Rising dollar index and its impact on emerging market currencies
Generally, the increase in the dollar index creates a downtrend for emerging market currencies. US-denominated assets are perceived to be safer when the economy is experiencing uncertain times, and it is during this time that investors divert capital into them. This results in capital inflow out of the emerging markets, increasing the perception that their currency depreciates-the Indian rupee being an example.
What impact may the decline in rupee have on the Indian economy?
The fall of the rupee could lead to higher import costs, especially for crude oil, exacerbating inflationary pressures in India. This could further widen India’s current account deficit and increase the cost of external debt. However, a weaker rupee could boost exports by making Indian goods and services cheaper for foreign buyers, which might provide some relief to the economy.
Will Trump’s trade war affect global supply chains?
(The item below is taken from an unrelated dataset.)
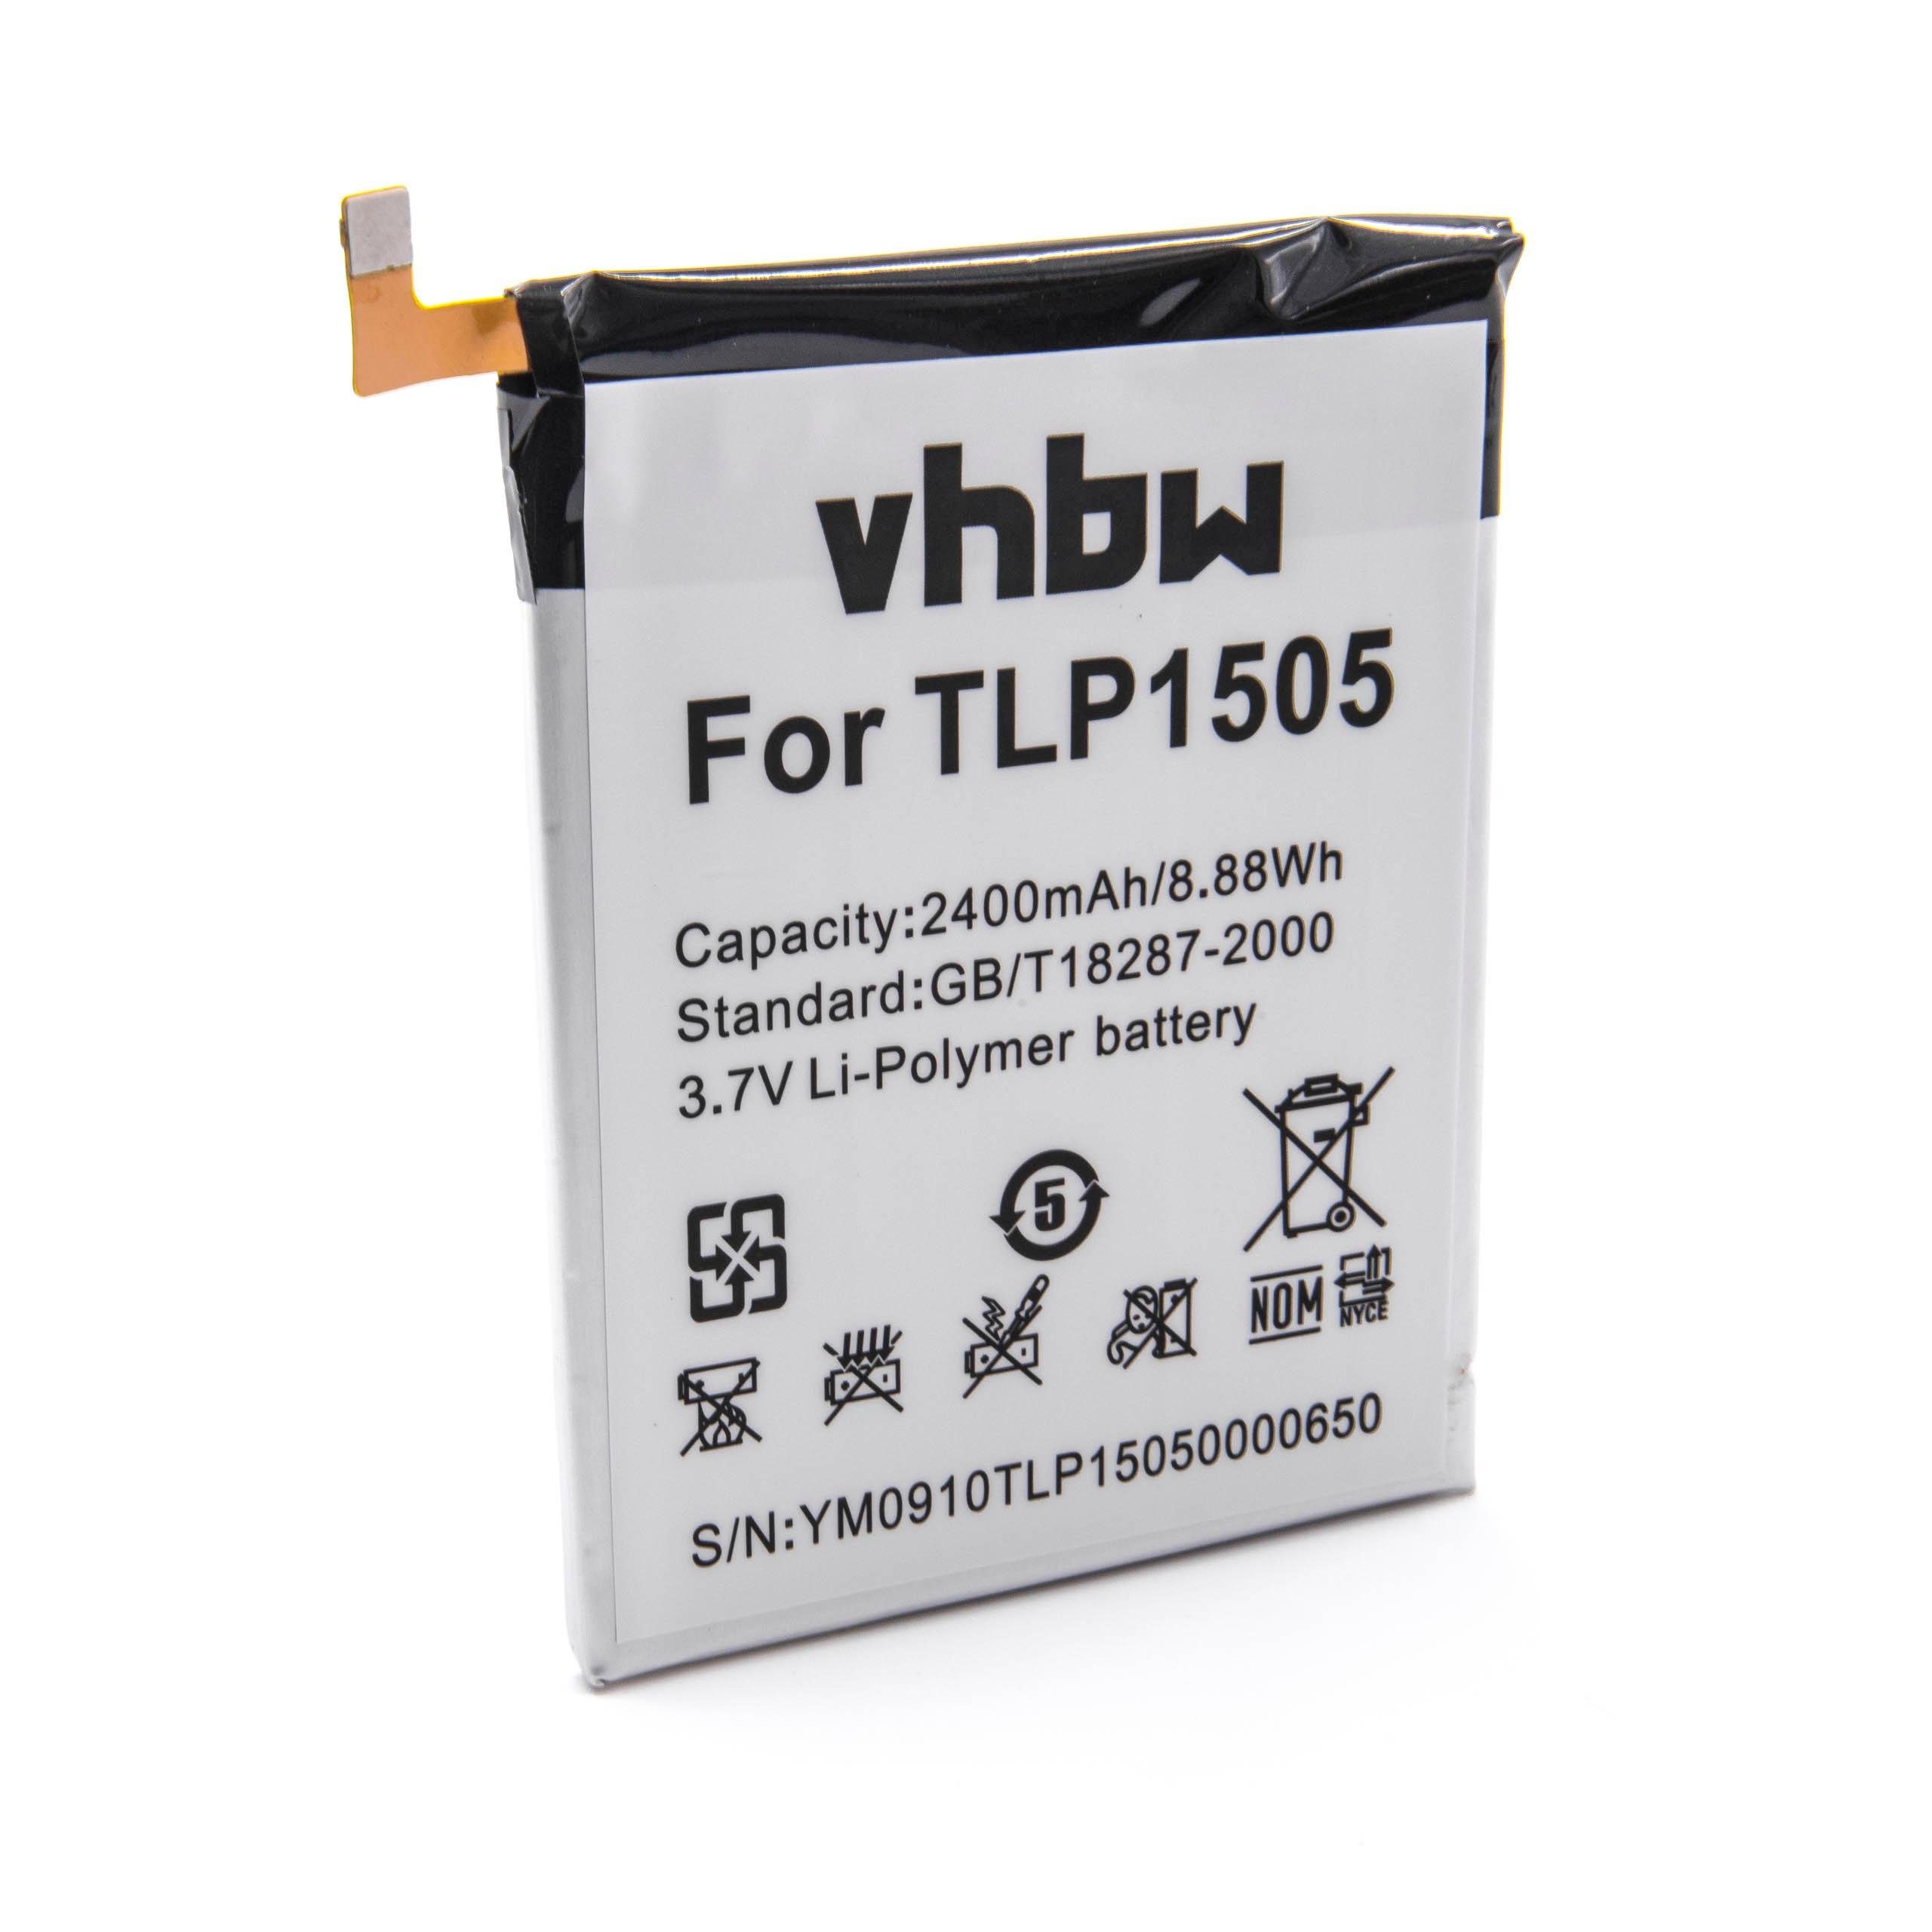 vhbw kompatibel mit Wiko Ridge Dual Sim LTE, Ridge, Ridge 4G, M531 Smartphone-Akku Li-Polymer 2400 mAh (3,8 V)

Yes, Trump’s trade war is likely to disrupt the supply chain of most global supply chains connecting China and the US. With tariffs on goods traded between these two economic giants, production costs are likely to rise, and there will also be delays in the movement of goods. The wider ripples would then be felt across the world, since many countries find themselves integrated into these supply chains and would feel the knock-on impact of the tariffs.
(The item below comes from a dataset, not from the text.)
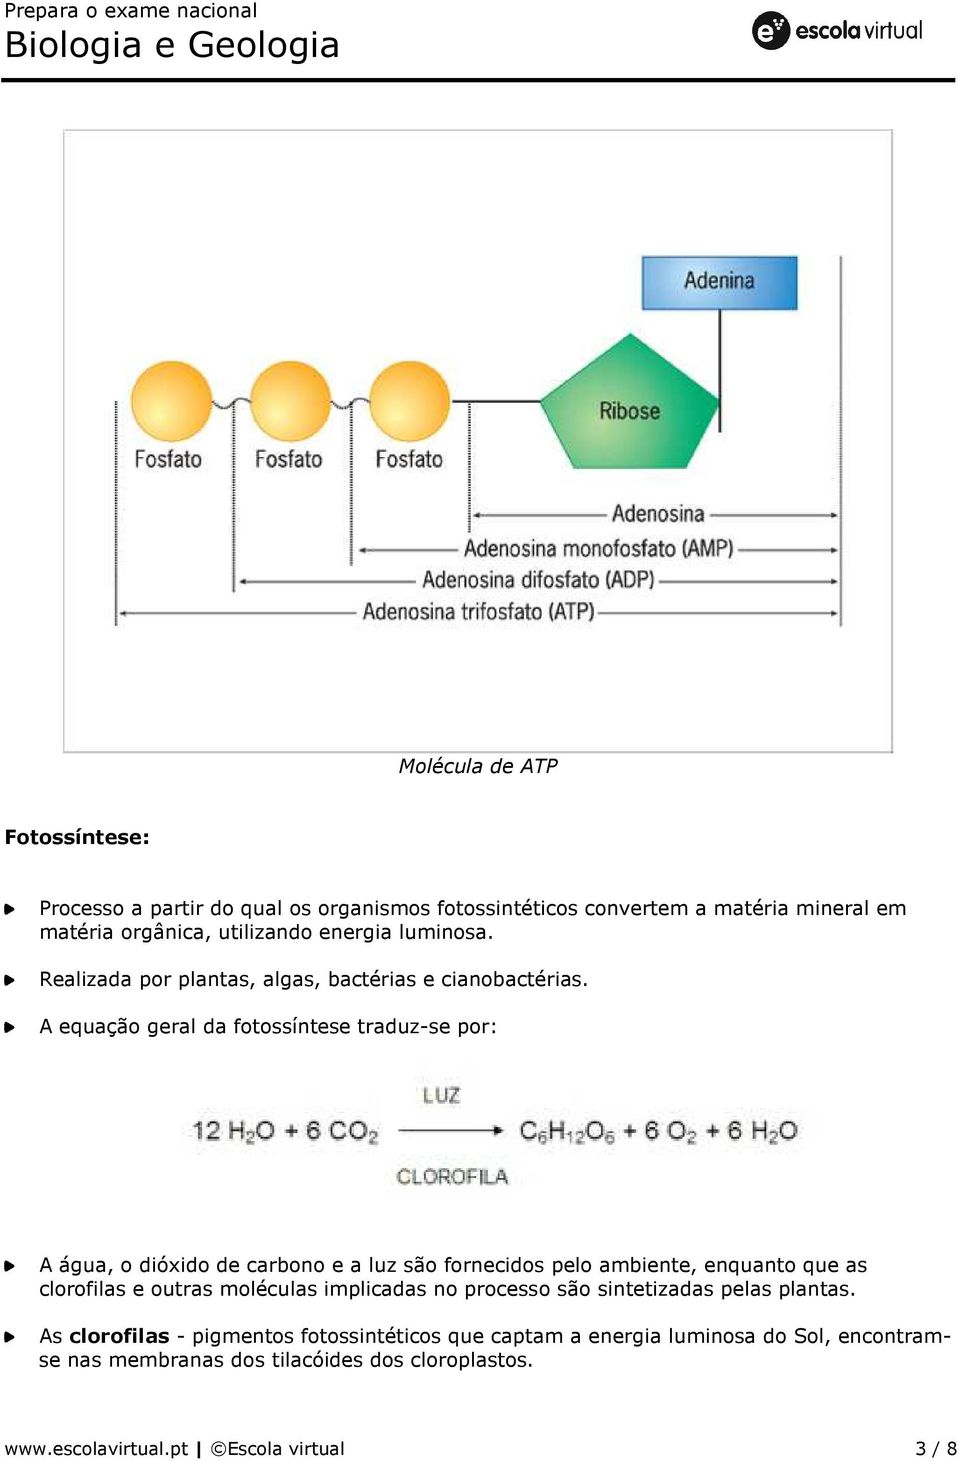 A equação geral da fotossíntese traduz-se por: A água, o dióxido de carbono e a luz são fornecidos pelo ambiente, enquanto que as clorofilas e outras

The Indian rupee touching its lowest ever point and volatility in global markets have marked far-reaching impacts of President Trump’s trade policies. As the new war of trade continues to untangle, the silhouette of the global economic landscape remains ambiguous while markets stay on edge.

I am Aparna Sahu
Investment Specialist and Financial Writer
With 2 years of experience in the financial sector, Aparna brings a wealth of knowledge and insight to Investor Welcome. As an accomplished author and investment specialist, Aparna has a passion for demystifying complex financial concepts and empowering investors with actionable strategies. She has been featured in relevant publications, if any, and is dedicated to providing clear, evidence-based analysis that helps clients make informed investment decisions. Aparna holds a relevant degree or certification and is committed to staying ahead of market trends to deliver the most up-to-date advice.